Daily Briefs (May 3)

Third Judicial Circuit hosts annual Law Day celebration May 7
The Wayne County Third Circuit Court will host its 23rd annual Law Day program Friday, May 7. The program is scheduled to begin at 9:30 a.m. and will be held at the Frank Murphy Hall of Justice. The national theme for Law Day 2010 is “Law in the 21st Century: Enduring Traditions, Emerging Challenges.”
 
Presiding Judging Timothy M. Kenny will lead the program. Students from schools throughout Wayne County will attend the annual event and have the opportunity to observe hearings in various courtrooms throughout the Criminal Division.

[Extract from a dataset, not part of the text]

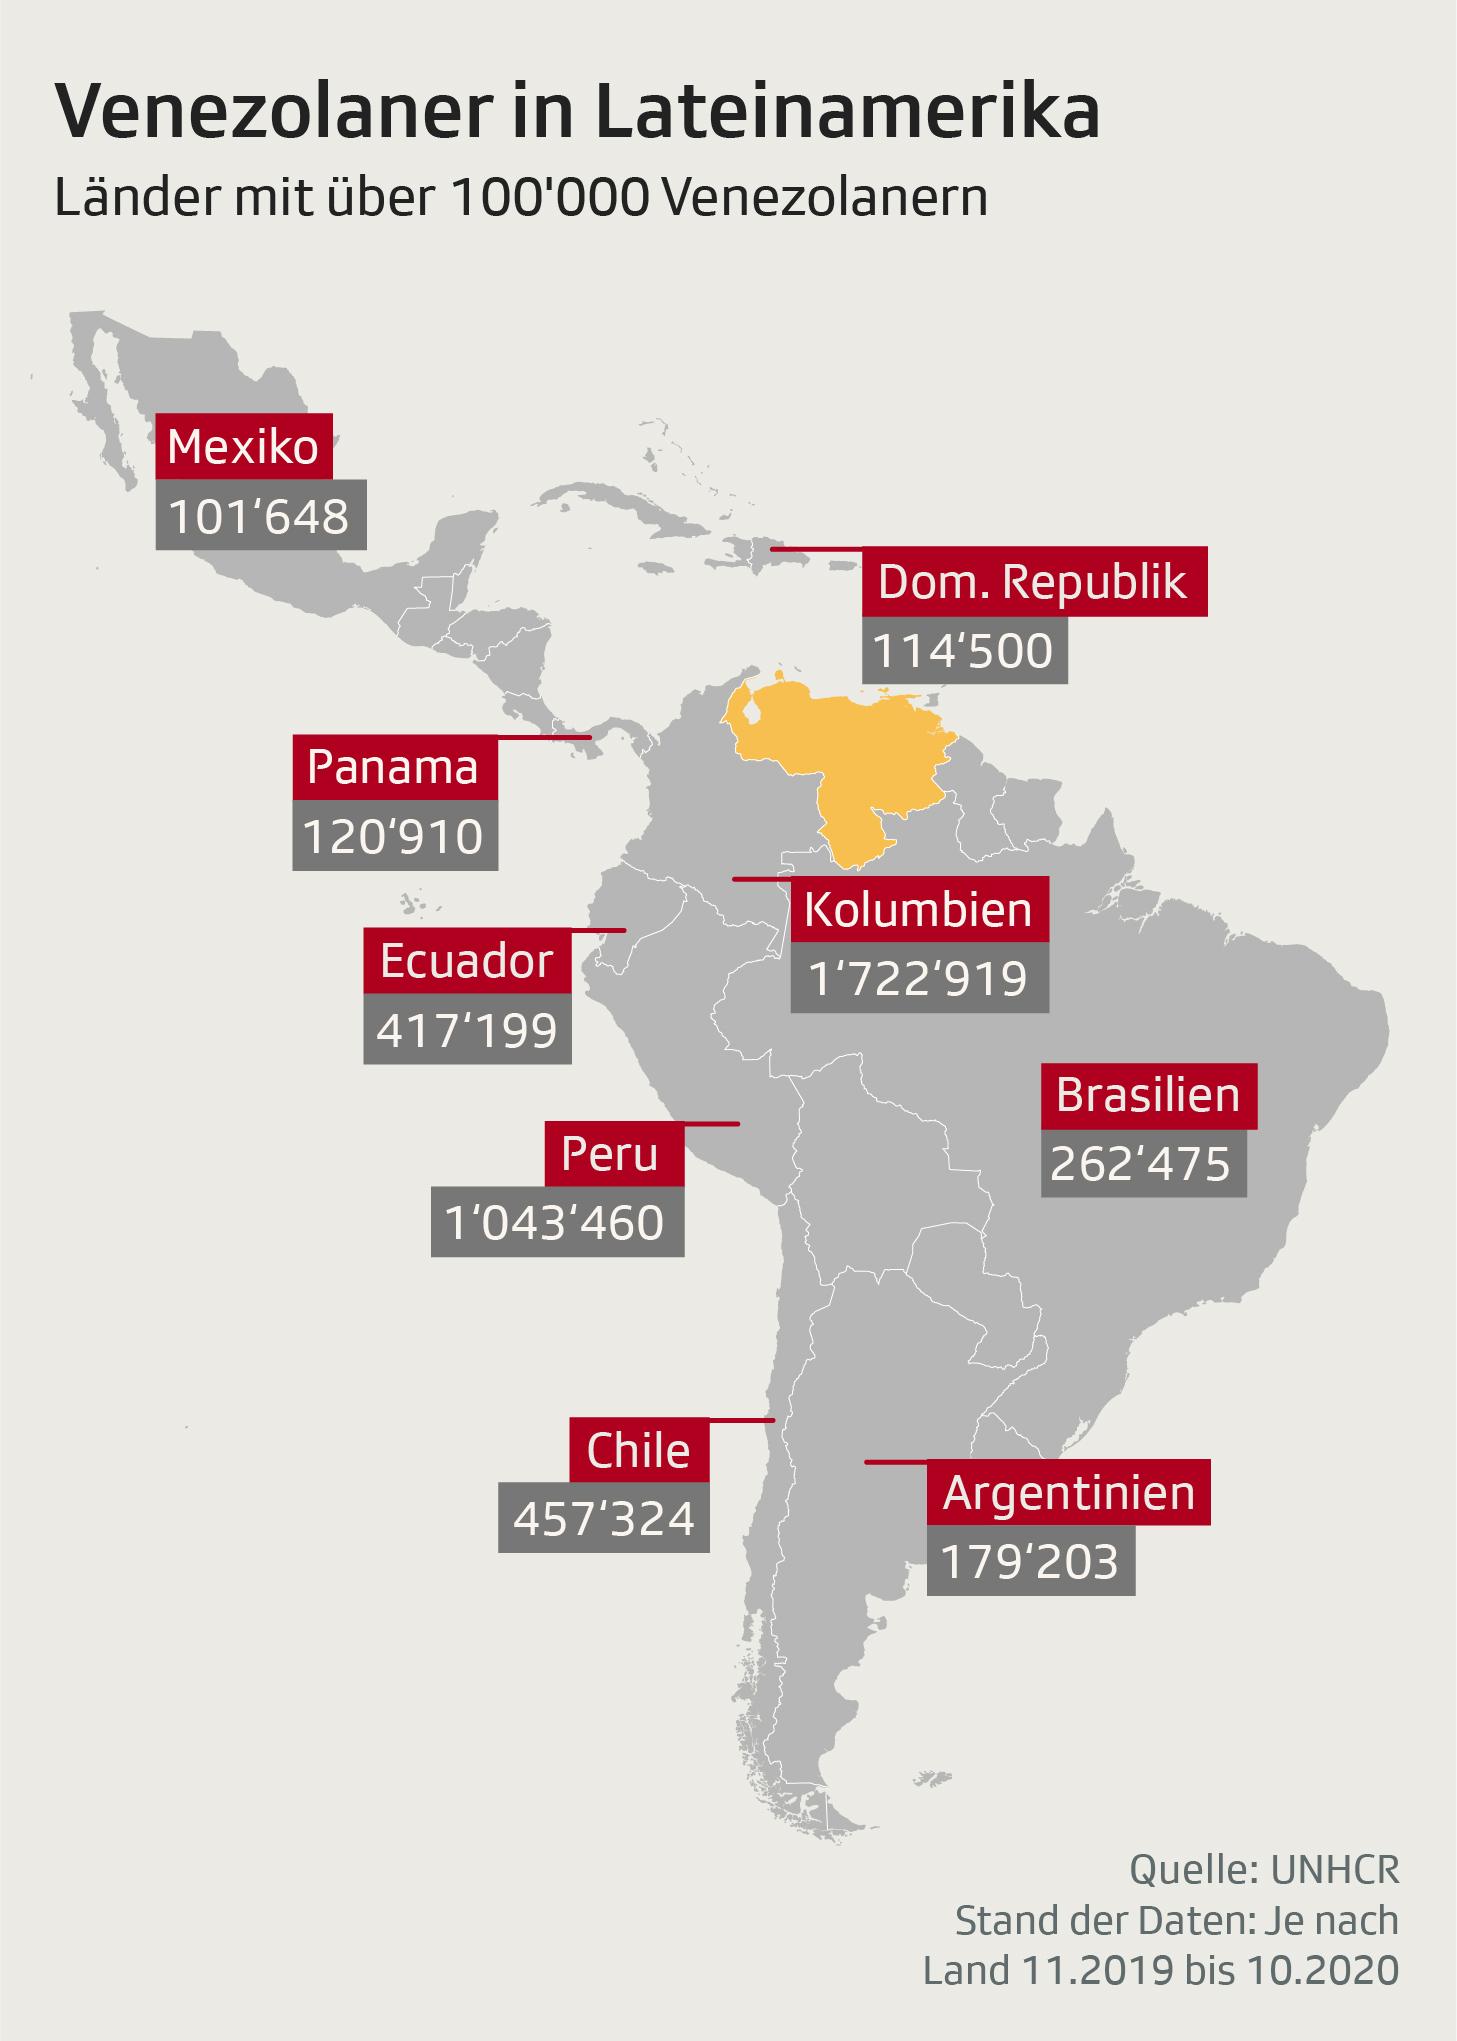 Venezolaner in Lateinamerika

Charlie Langton of Fox 2 Detroit will also participate in this year’s activities as the guest speaker. 
 
Attorney recognized with Horizon Award
Dickinson Wright attorney Tammy L. Helminski recently received a Horizon Award from Fusion, the Detroit Regional Chamber’s young professionals program. 
 
More than 100 nominations were received for the Horizon Awards in each of nine industry categories. Winners were recognized for their professional accomplishments and outstanding work within the community. Helminski was the Young Professional winner in the Professional Services category.
 
Helminski focuses her practice in environmental litigation, and energy and sustainability law. She serves as counsel to manufacturers, lenders and developers for environmental cleanup, compliance and due diligence issues, and counsels clients on the implementation of sustainability strategies, green building and environmentally preferable purchasing. Ms. Helminski is active in the Air and Waste Management Association and is chair of the State Bar Environmental Law Section Hazardous Substances and Brownfields Committee. 
 
State Supreme Court sends court-appointed lawyers suit back
DETROIT (AP) — A significant lawsuit that challenges how lawyers represent poor criminal defendants in three Michigan counties must be returned to a judge to reconsider whether it deserves class-action status, the state Supreme Court said Friday.
 
Michigan’s highest court refused to dismiss the case, as the state had requested, but the ruling suggests the judge may have too easily made it a class-action.
 
The case centers on Genesee, Berrien and Muskegon counties, where poor people claim their constitutional rights are being violated. They say a lack of public money and other problems mean getting attorneys who are not qualified or able to effectively represent them.
 
There have been no decisions on the merits of the allegations. But in 2007, Ingham County Circuit Judge Laura Baird ordered class-action status to any indigent defendant who has been charged with a felony in the three counties.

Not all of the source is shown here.